Evaluation Paradigm: Integration of VLM-based scoring with objective signal-driven metrics allows for robust measurement along dimensions relevant to end-user satisfaction, model fidelity, and practical usability.

Property	EditVerseBench	Prior Benchmarks
Categories	20 editing types	<10 (often <5)
Aspect Ratio Diversity	Horizontal + Vertical	Square only
Evaluation	VLM-based + CLIP/ViCLIP + PickScore + Temporal Cons.	FVD, LPIPS, PSNR, etc.
Coverage per Category	Balanced (5 hor.+5 vert./category)	Unbalanced

5. Significance in Unified Video Editing Research

EditVerseBench plays a foundational role in supporting the EditVerse framework’s generalization, serving as a real-world testbed for instruction-driven video editing models capable of multimodal operation.
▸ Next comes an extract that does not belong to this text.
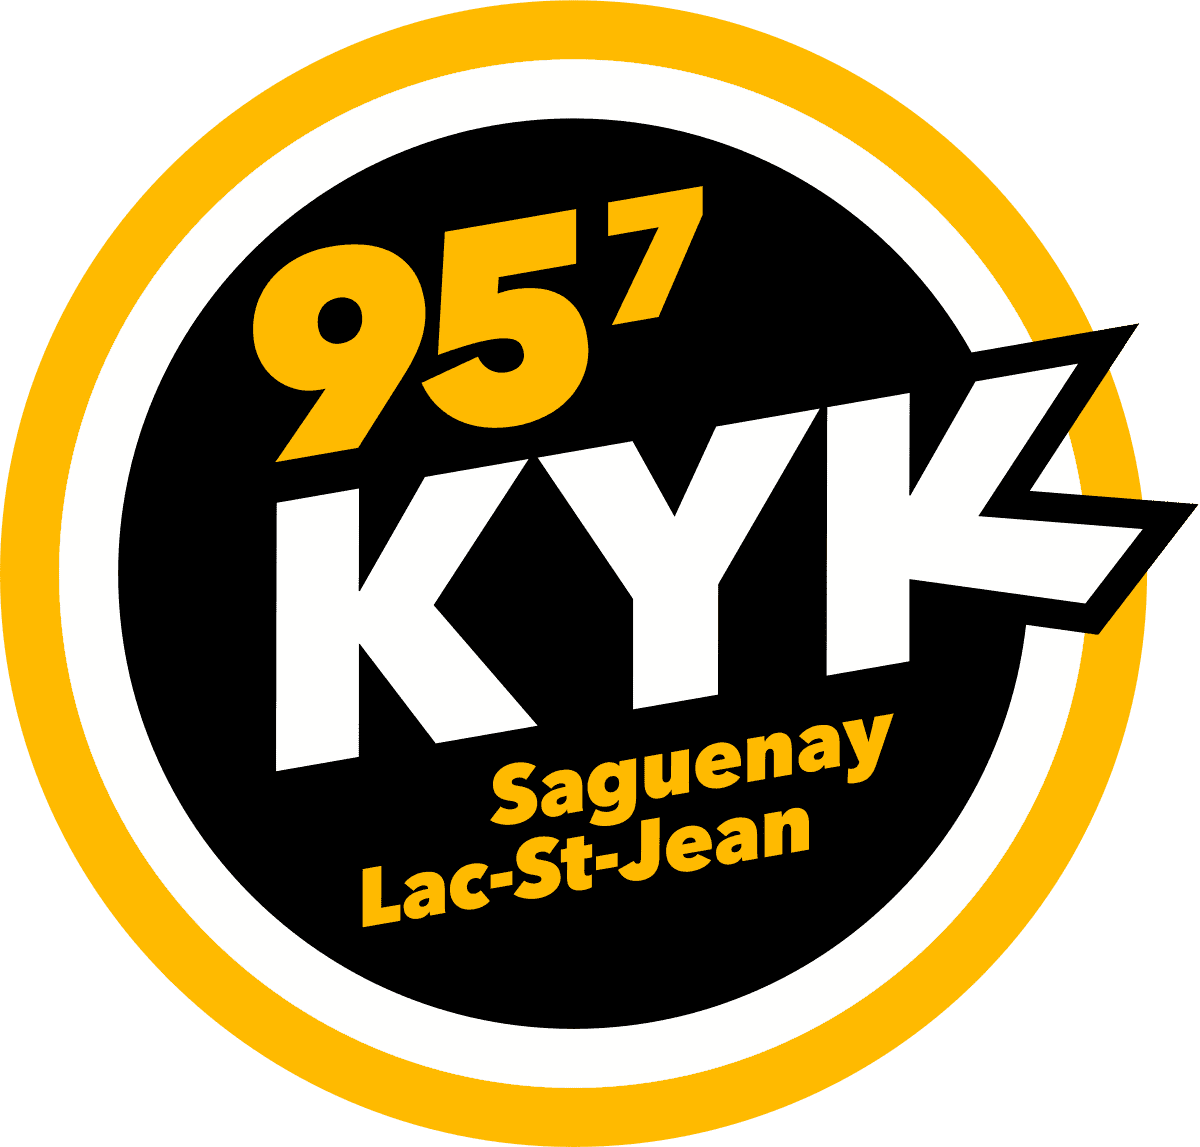 Logo 95 7 kyk

Its structure facilitates:

Cross-modal transfer assessment, as EditVerse unifies text, images, and videos as a token sequence processed by self-attention.
Benchmarking of emergent editing capabilities across both generative and compositional editing tasks.
Fair and systematic comparison of models, both open-source and commercial, in scenarios reflective of practical content creation and manipulation challenges.

The nature of the benchmark ensures that improvements observed on EditVerseBench can be attributed to genuine advances in understanding and executing diverse editing instructions rather than overfitting to narrow, oversampled edit or resolution spaces.

6. Practical Implications and Future Directions

By integrating real-world edit types, balanced resolution formats, and both objective and instruction-aligned evaluation metrics, EditVerseBench provides a reliable benchmark for:

Comparative benchmarking of instruction-guided video editing and generation models.
Training and validation in multi-format, multi-task video editing environments.
Research on transfer learning across image and video modalities using unified attention architectures.

Future expansions may plausibly include more granular edit types, higher-resolution or multi-aspect-ratio videos, progressive difficulty gradations, and integration with other multimodal benchmarks (such as VE-Bench (Sun et al., 21 Aug 2024) and VEU-Bench (Li et al., 24 Apr 2025)), thereby strengthening the ecosystem of unified generative model evaluation.

7. Context within the Ecosystem of Editing Benchmarks

EditVerseBench stands in contrast to earlier benchmarks such as EditBench (Wang et al., 2022), which target text-guided image inpainting, and emerging benchmarks like VE-Bench (Sun et al., 21 Aug 2024) and VEU-Bench (Li et al., 24 Apr 2025), which focus on subjective-aligned video editing quality and deep video editing understanding, respectively. EditVerseBench’s unique combination of instruction diversity, resolution coverage, and VLM-based, multifaceted automatic evaluation distinguishes it as a reference for instruction-based video editing evaluation, underpinning unified model architectures that can robustly handle a gamut of video and image generation/editing tasks.